Is it possible to convey information from village to district to the National authorities without fear and distortion of the information by politics? These questions seem an administrative, even seemingly trivial, type of question. They truly are a matter of keeping it contained or suffering the effects of a regional economic shock.
Following (Covid-19) there was a vogue of talking about resilience. Resilience was becoming a buzzword after Covid-19. The notion of ‘now’ is so commonplace that it has found its way into to new reportage every year, much like ‘innovation’ was a generation ago.
Ebola, though, puts those who must enforce limits on state-sponsored killings to the less conspicuous test of resilience; maintaining supplies of protective clothing, health workers earning their living, laboratories operating and field workers safe while the cameras are not rolling — even if surveillance efforts are not as sophisticated or flattering as they could be.
NEITHER EXECUTIVE IS GLOUDED FOR INVESTING IN A SURVEILLANCE SYSTEM BY STAYING OUT OF THE “BREAKTHROUGH.” When a well-run contact-tracing network in operation, no minister cuts any ribbon.
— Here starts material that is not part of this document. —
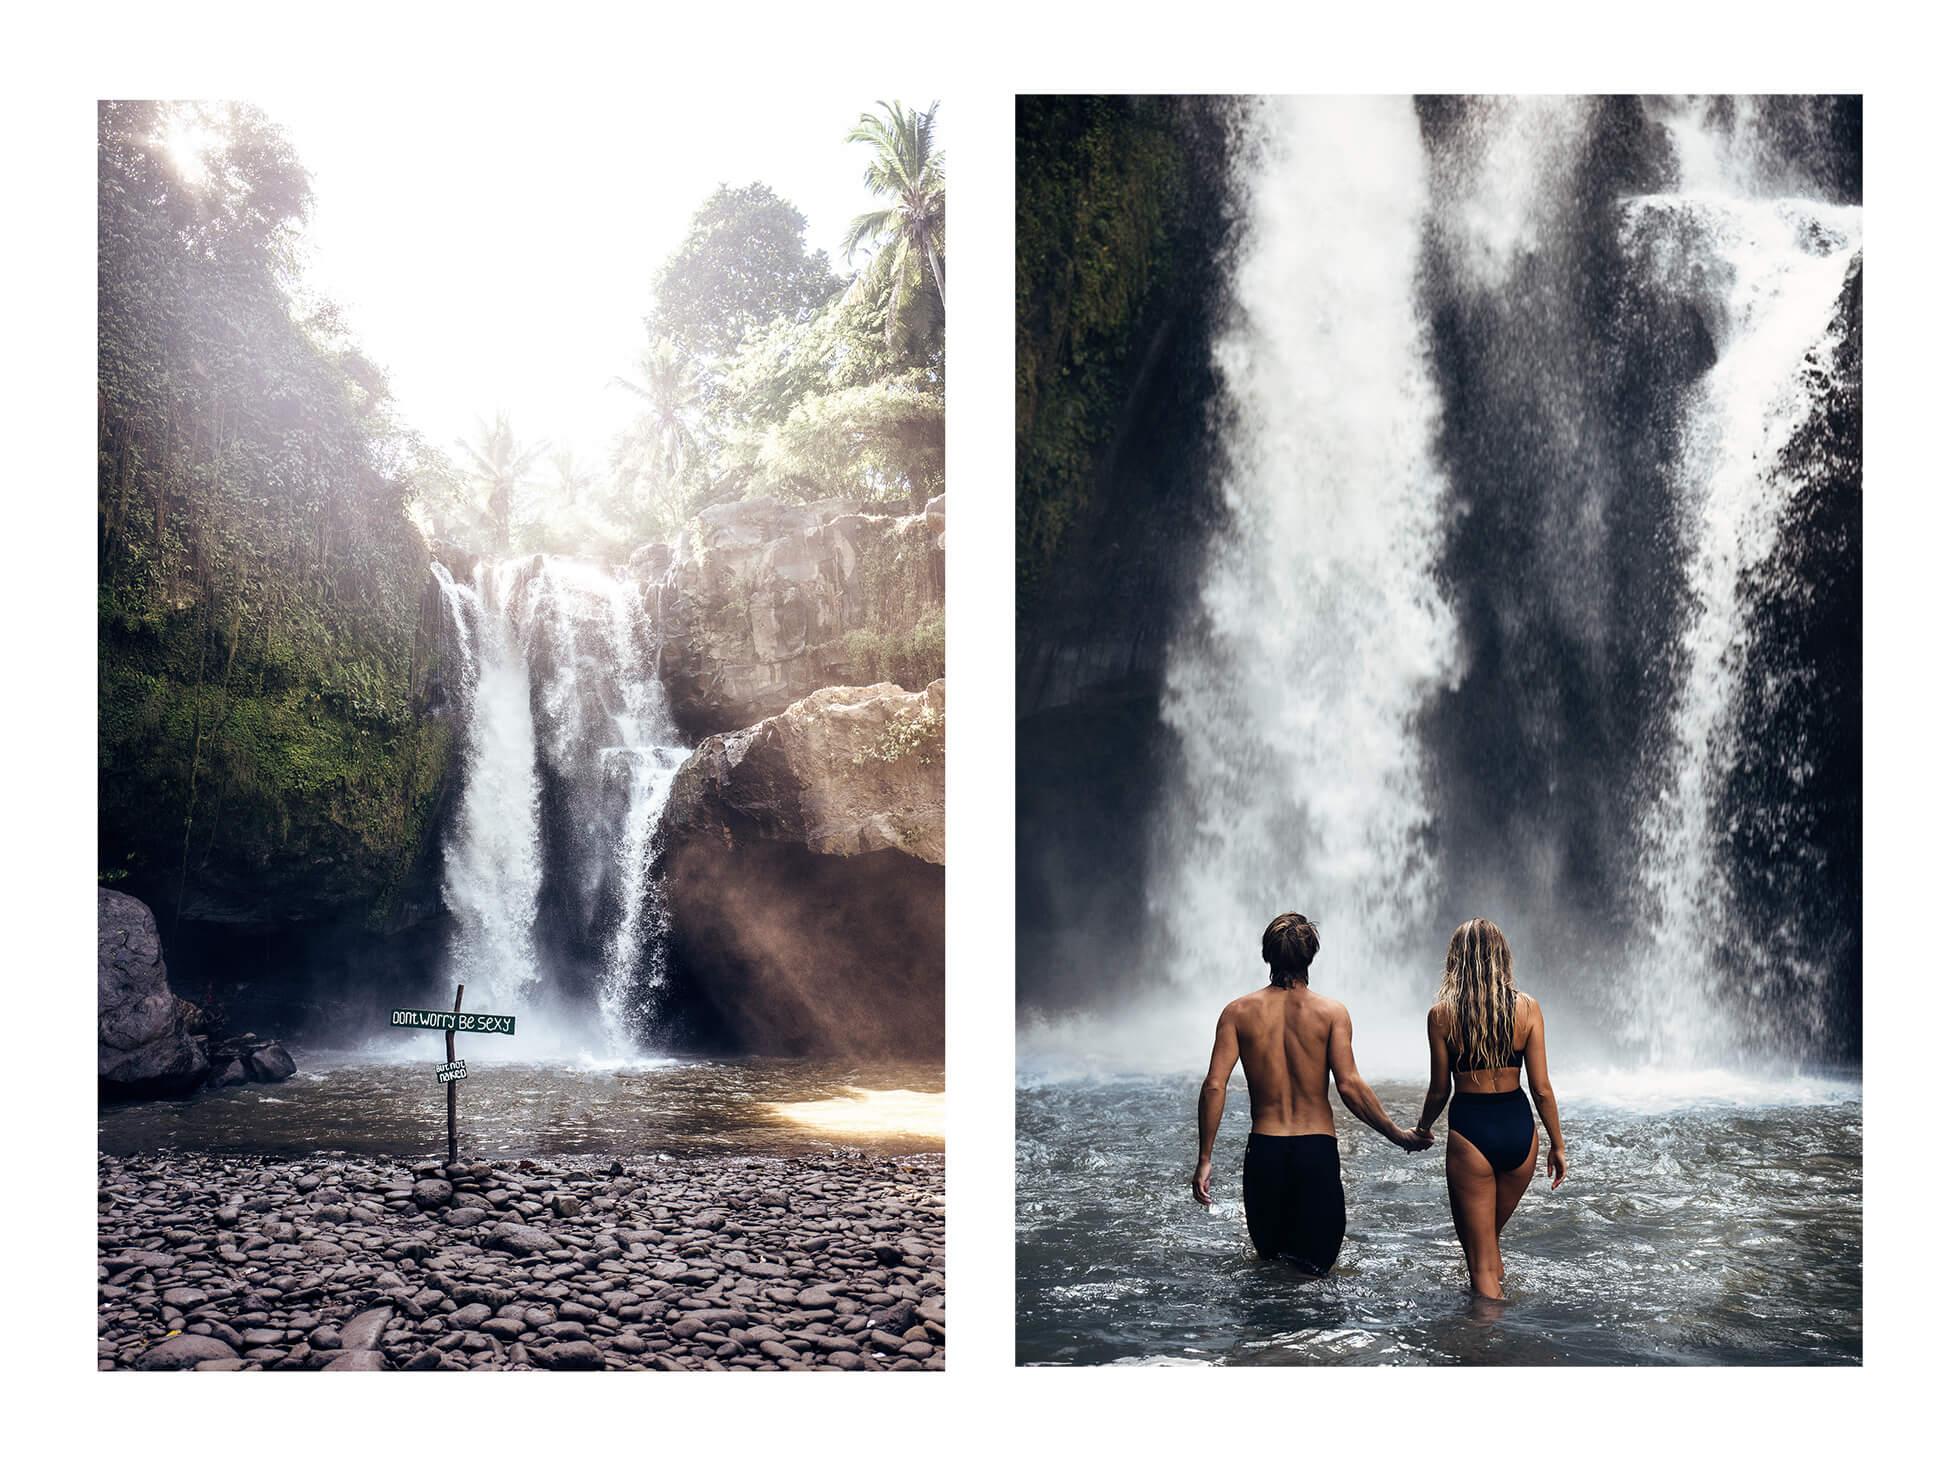 janni-deler-waterfall-bali-TegenunganL1030744-Redigera copy
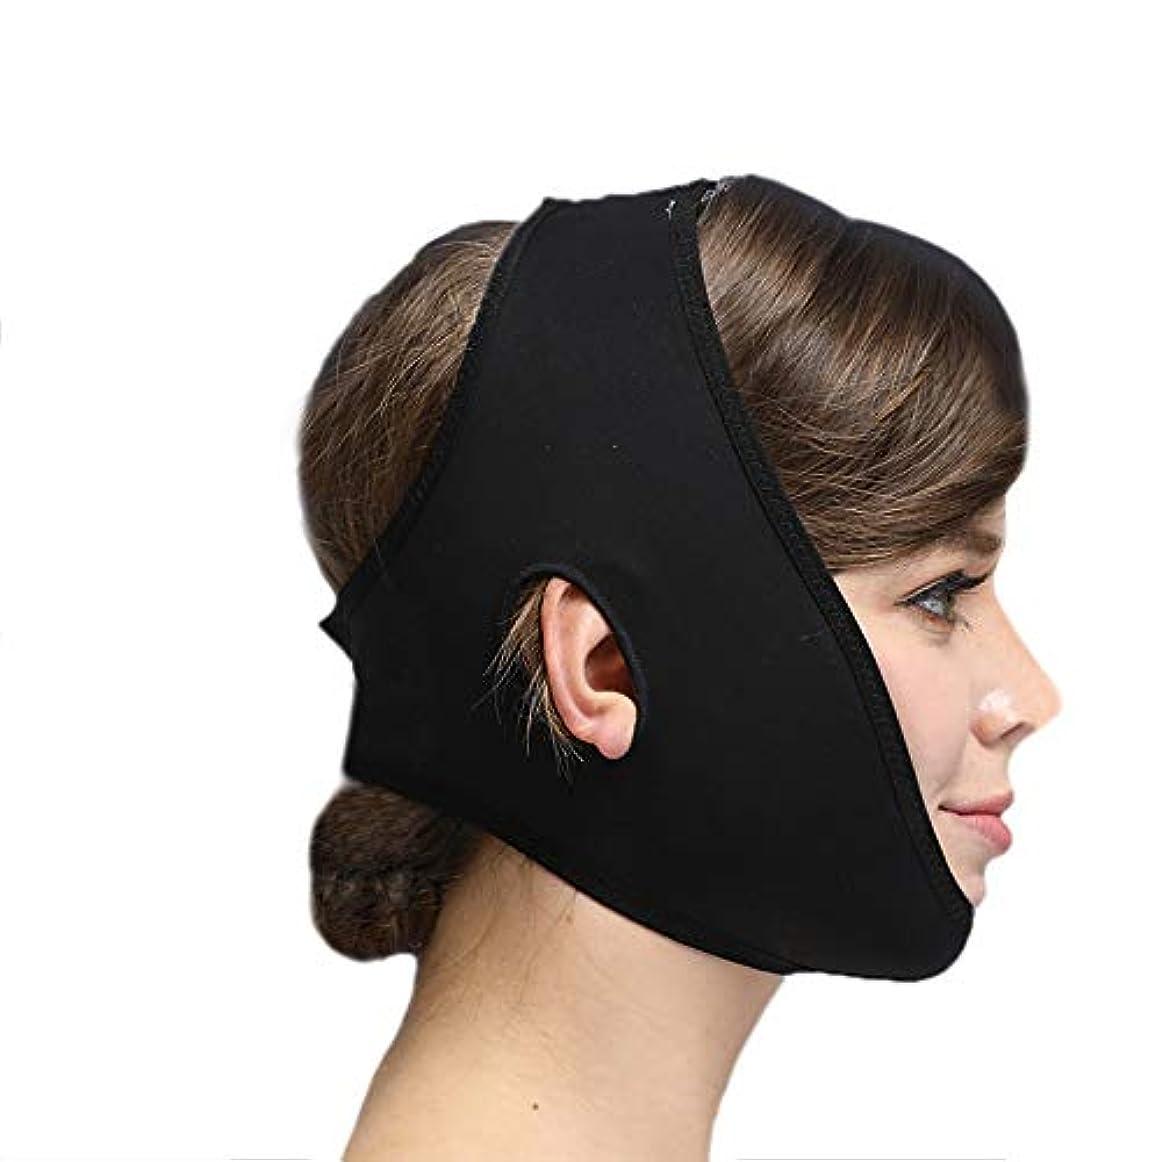 カスタム入射入力XHLMRMJ 顔の痩身マスク、快適で通気性のある、顔面の持ち上がることおよび輪郭を描くことで、堅さの向上、引き締まることおよび顔を持ち上げること (Color : Black2, Size : L)

People who work in prevention are often mystified about why it isn’t rewarded in politics, and why it’s successful when it appears that nothing has happened.
A danger exists there, though, that comes at a moral level: taking Ebola’s threat down the same size as a corporate-continuity problem. What really suffers is not investors but the first to suffer the impact. They’re nurses, cleaners, drivers, burial teams and families / small traders who lose their lives’ income if one of them moves to a place suspected.
They are the health workers who have to make the decision of what is right and what is safe for themselves. These are communities that have likely heard thoughts and undertones of promises yet less words from those in authority. Without trust, it’s not a serious business of reading Ebola; it’s a doofy face reading. It is infrastructure.
The world of commerce and commerce is much more advanced today when it comes to responding to what’s happening in its midst. It’s not as impressive when it comes to investing against slow developing fragility. Ebola is wondering if companies, governments and multilateral institutions could finance health security as an ongoing infrastructure investment as opposed to a wait-for-crisis, spend as incident investment.
So far, there is no one definite correct answer. There are better laboratories, faster sequencing, better protocols and a wealth of field experience gained. Exhausted health systems and weak donor commitments, conflict zones and incentives on the commercial side – there’s more that only comes too late.
Being neither alarmed nor indifferent to the situation is a sensible posturing. Ebola is not in the position of being able to paralyze the global economy in the same way as Covid-19 did, as this asset is not so critical. This comparison is not sound, and is not beneficial to the business.
However, it can disrupt locations, condemn already fragile economies, disrupt business operations and bring into the spotlight of attention the vacuousness of preparedness assertions. A senior leader would be well advised to take the message of the lesson home, which is simple: Resilience doesn’t just happen in an organisation when the crisis occurs. That’s when it still performs when the next guy starts in an area out of the market eye.
Ebola will return – subspecies would be its new form – ecology interlocked and mobility and institutional weakness remain in the picture. The key question is: can the world afford patience – of waiting for laboratories before headlines, of trusting in the goodness of others before panic, of having today’s field capacity before emergency declarations or of investing in science ahead of a clearly perceived demand.
Businesses rely on modern risk management techniques that are practiced with ease to cope with probabilities. The capacity, not probability, is the rule of thumb, when it comes to ultimate cost, and Ebola is a reminder of this.